Top of Data shown

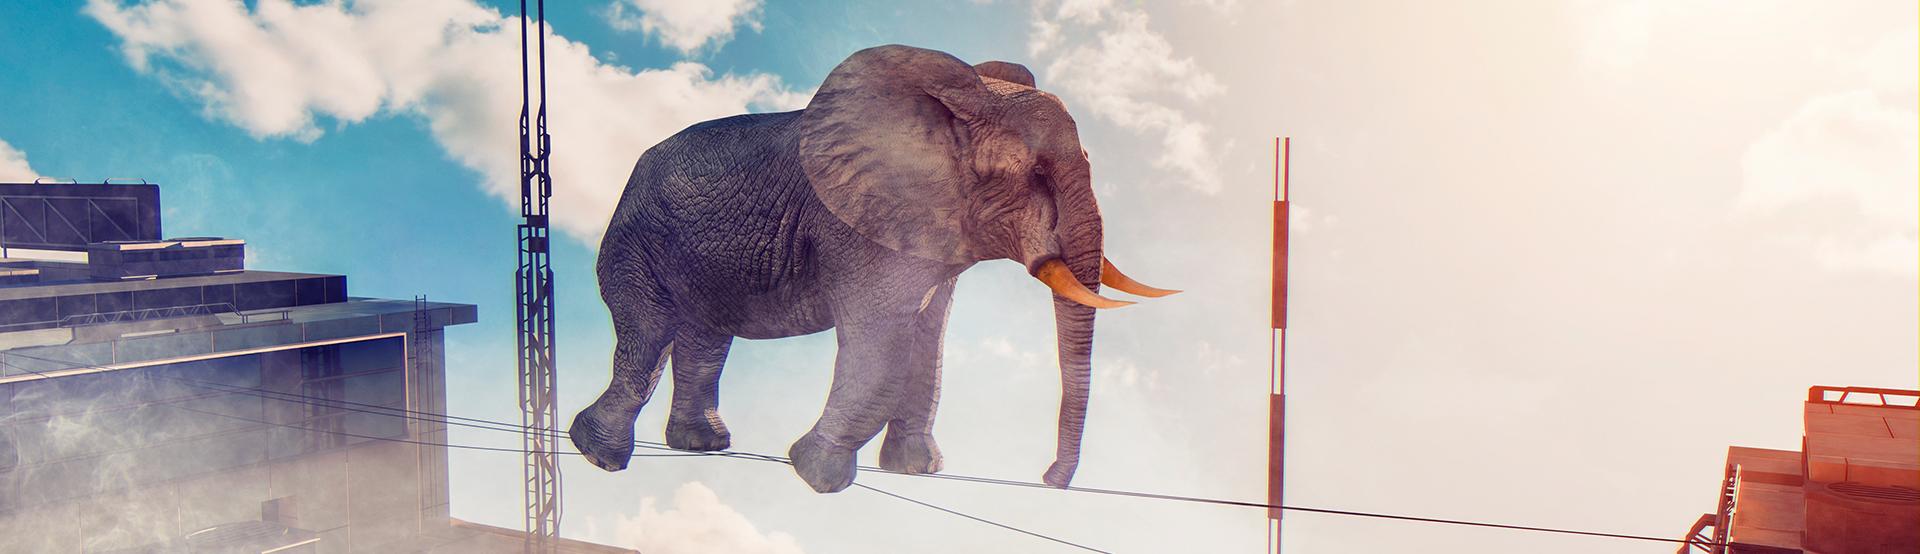 Ein Elefant auf einem Drahtseil
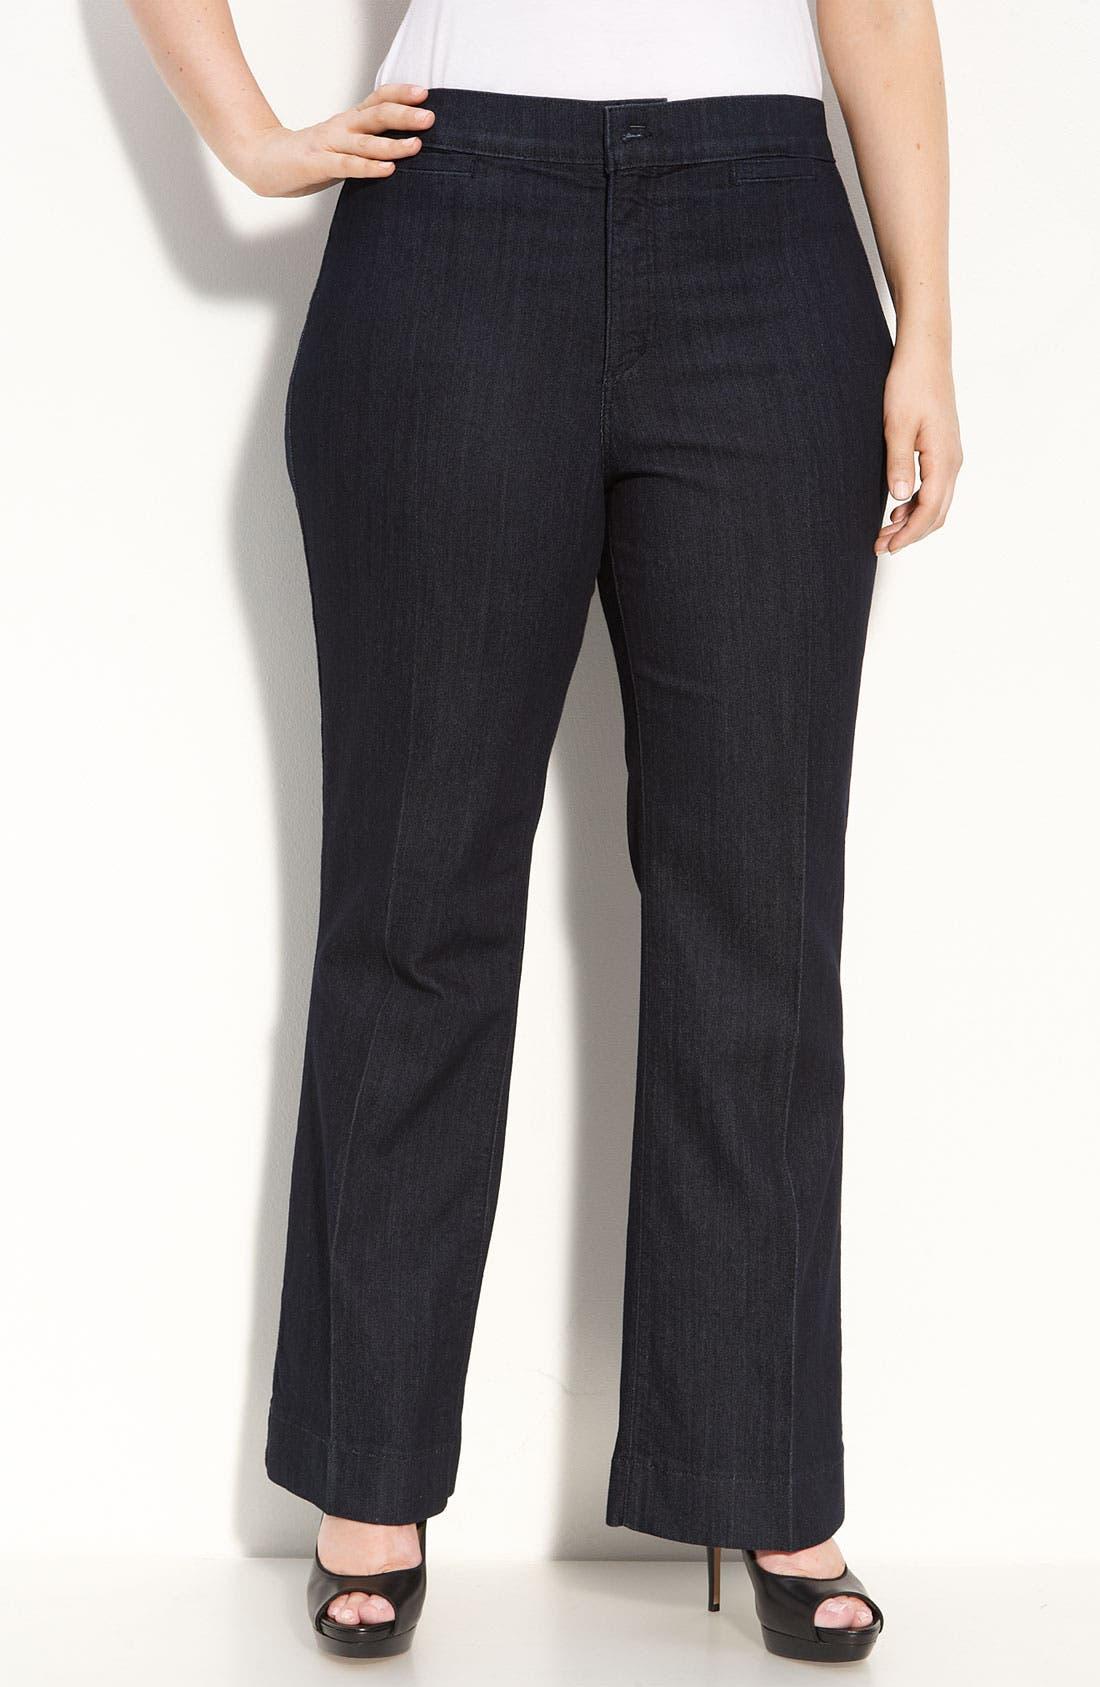 Main Image - NYDJ 'Michelle' Trouser Jeans (Plus Size)
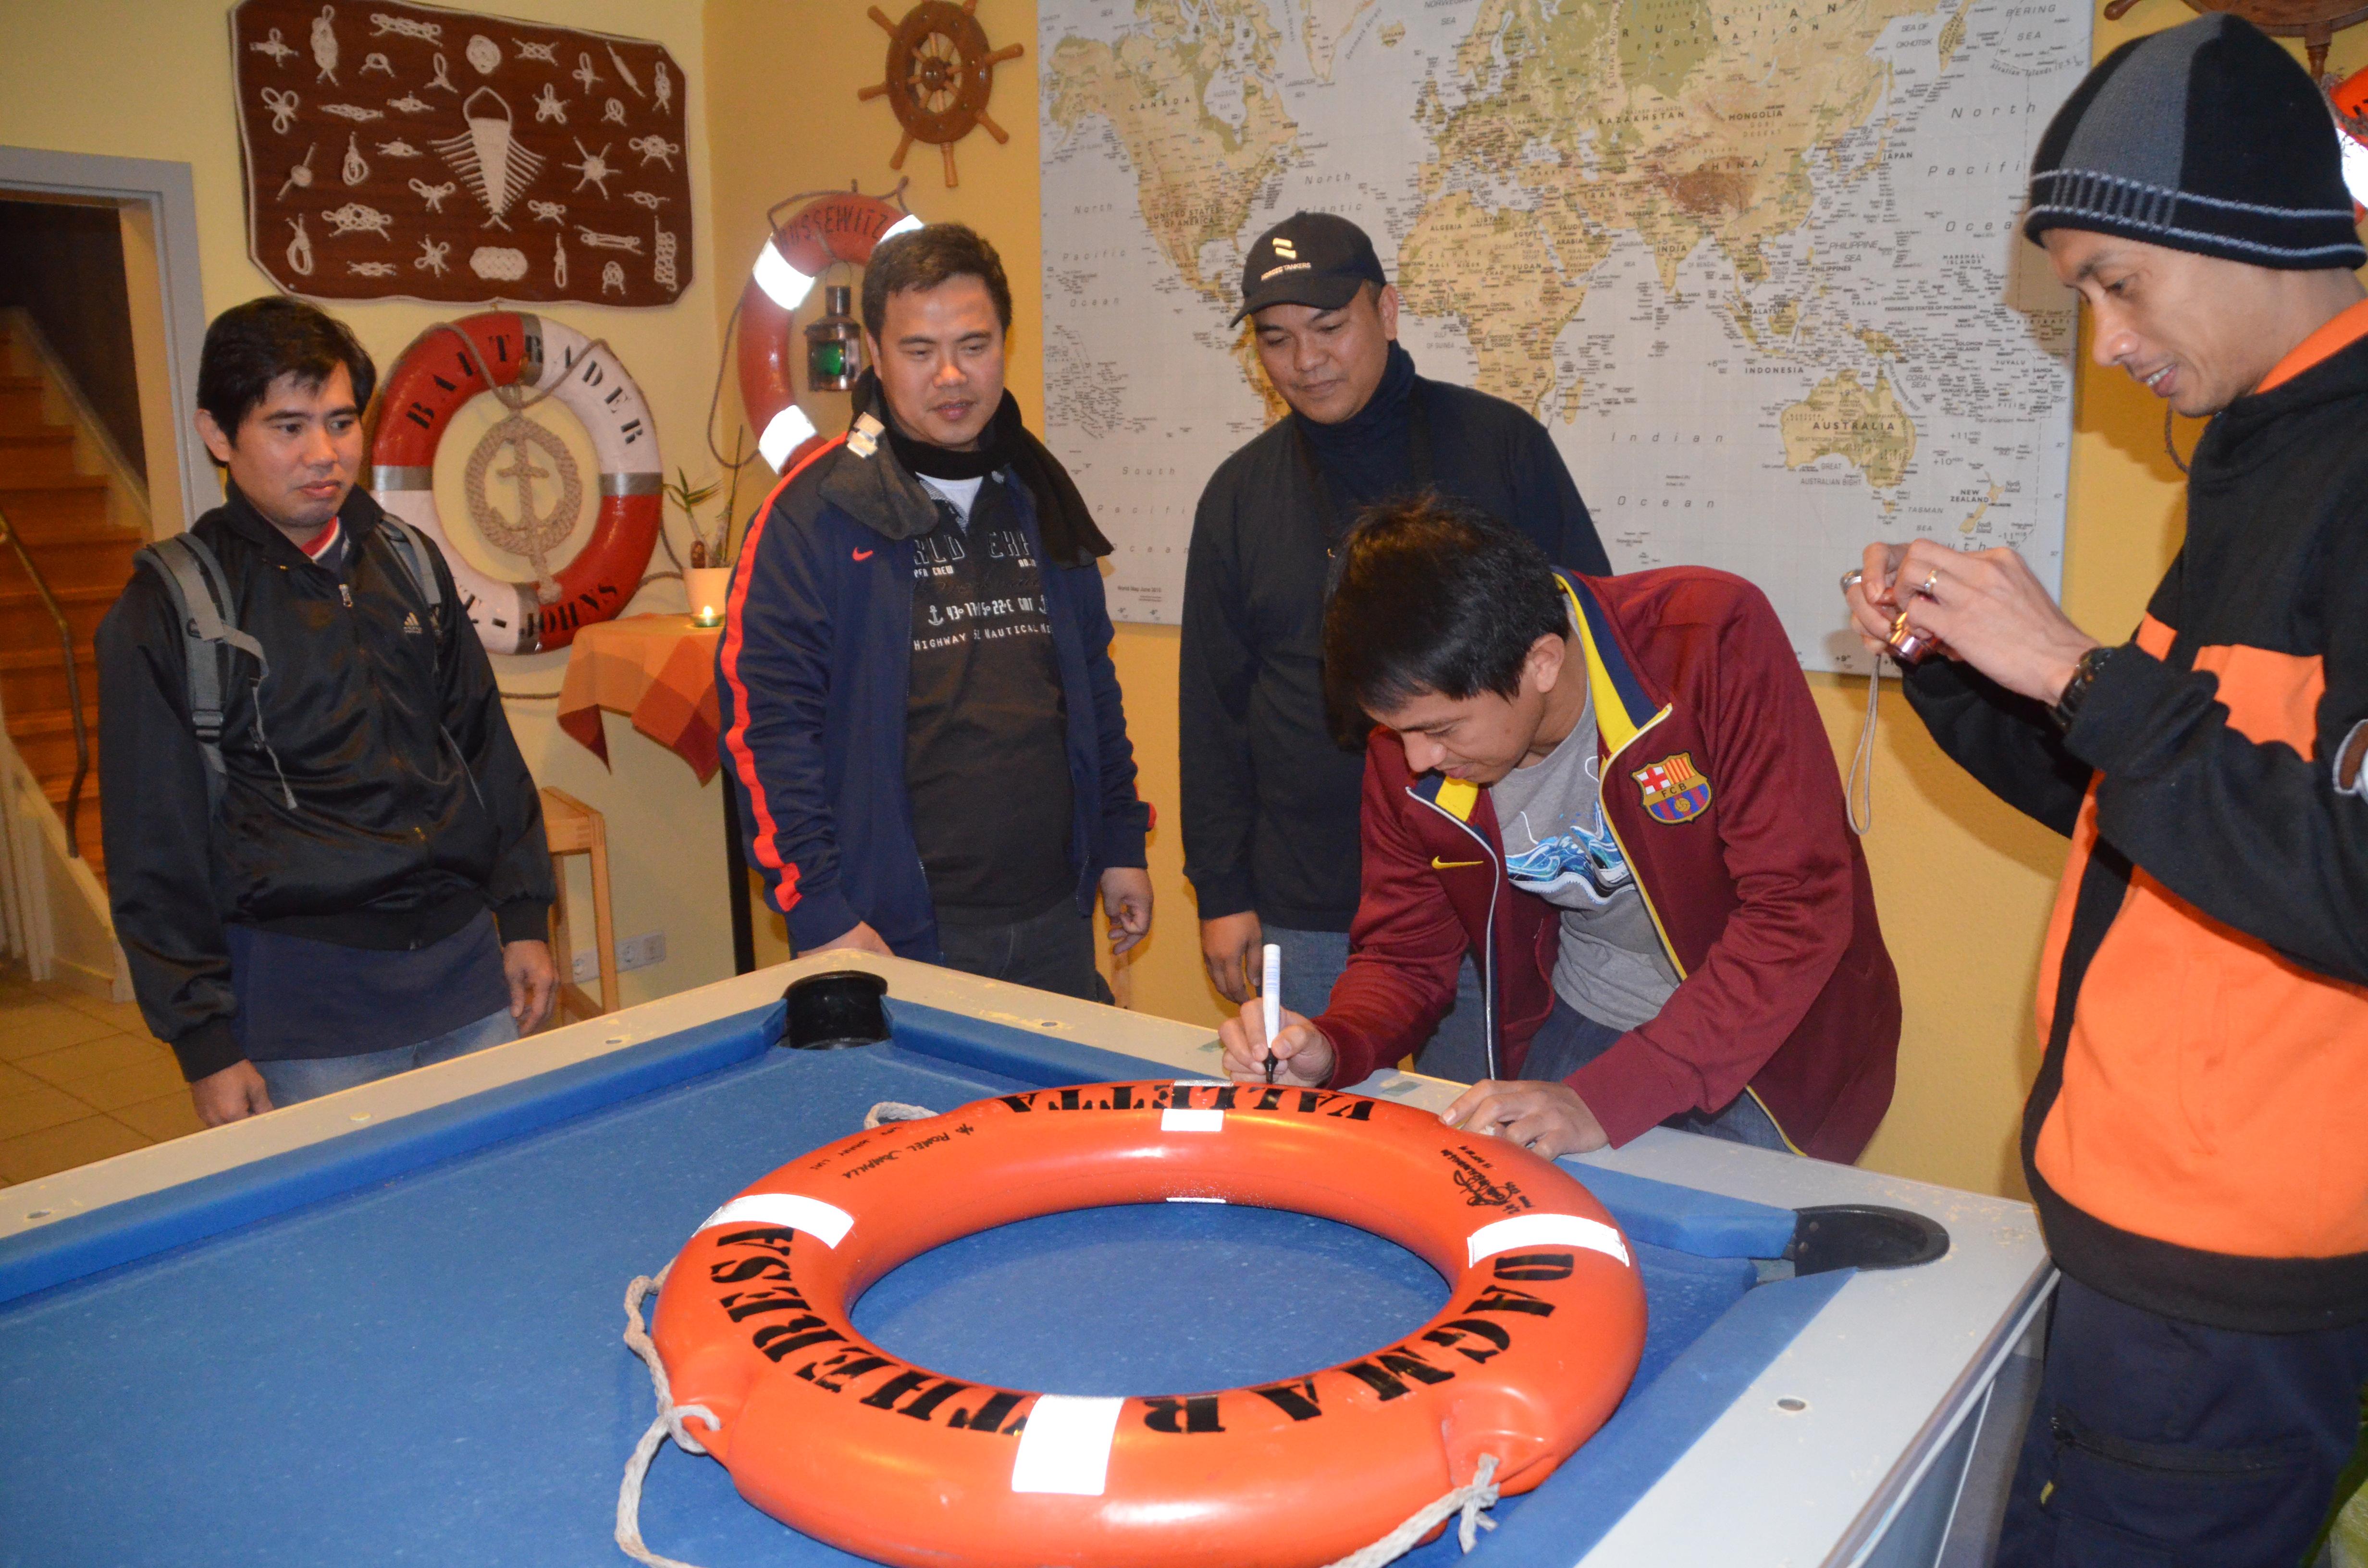 Seeleute genießen den Aufenthalt im Club.
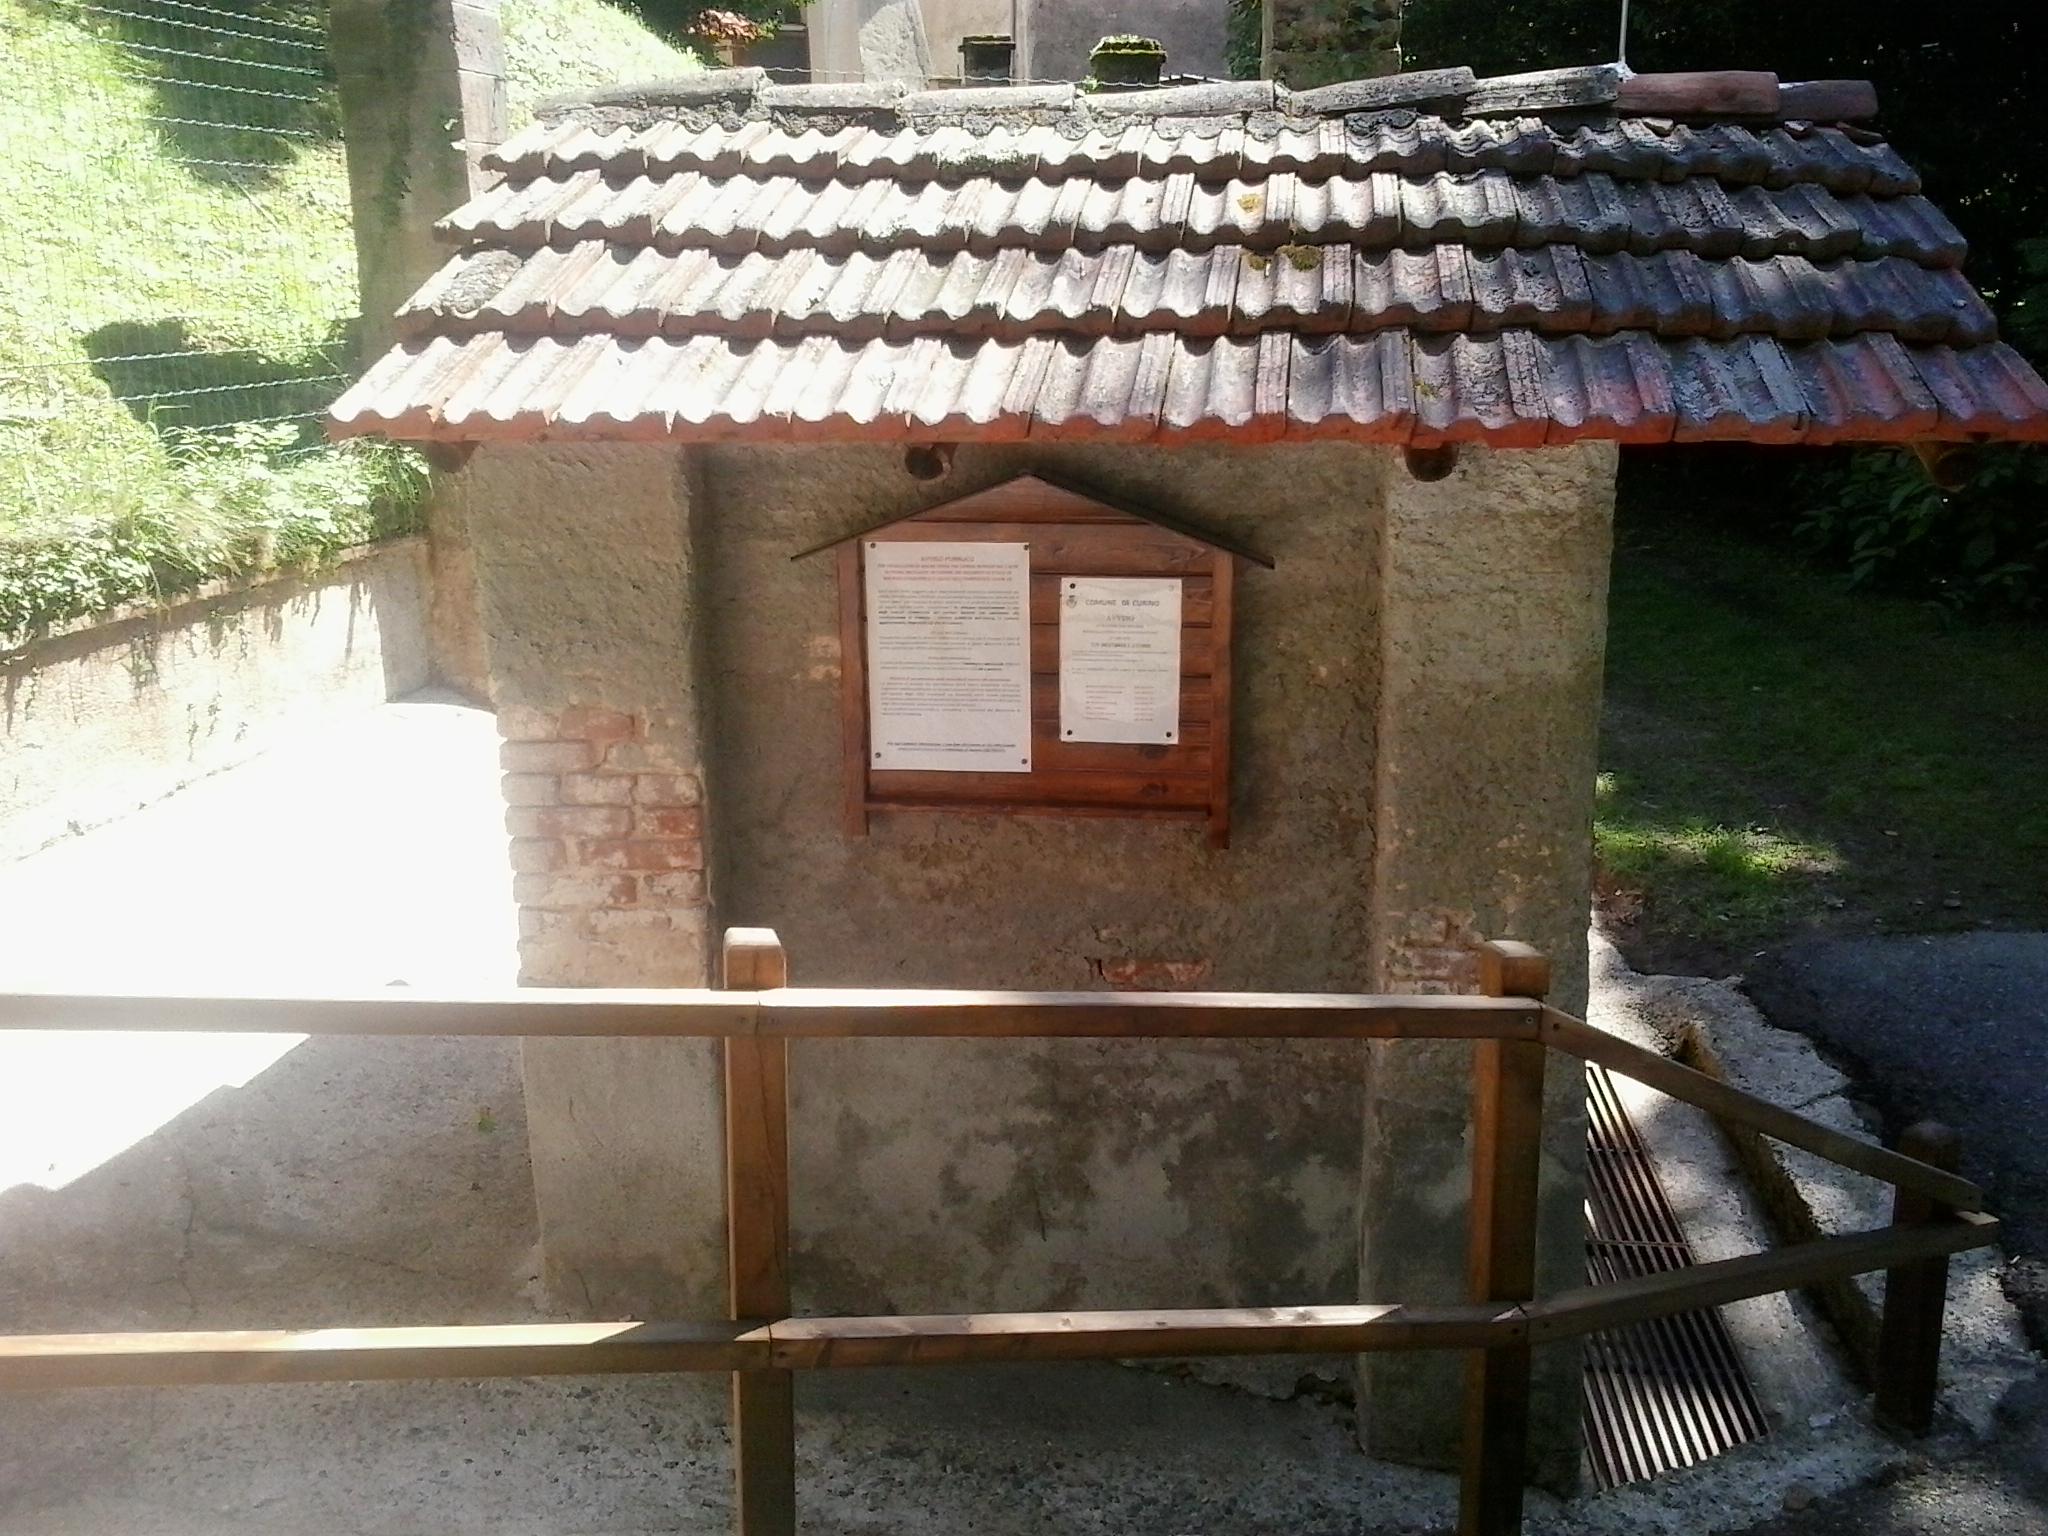 http://www.energialternativa.info/public/newforum/ForumEA/U/20120630_234845.jpg

Bottom of Data shown

Work task: Excluding pictures, copy exactly the lines from the line containing "Seeleute genießen den Aufenthalt im Club." through the last line of the data, inclusive.

Result for this task:
 Seeleute genießen den Aufenthalt im Club.
 http://www.energialternativa.info/public/newforum/ForumEA/U/20120630_234845.jpg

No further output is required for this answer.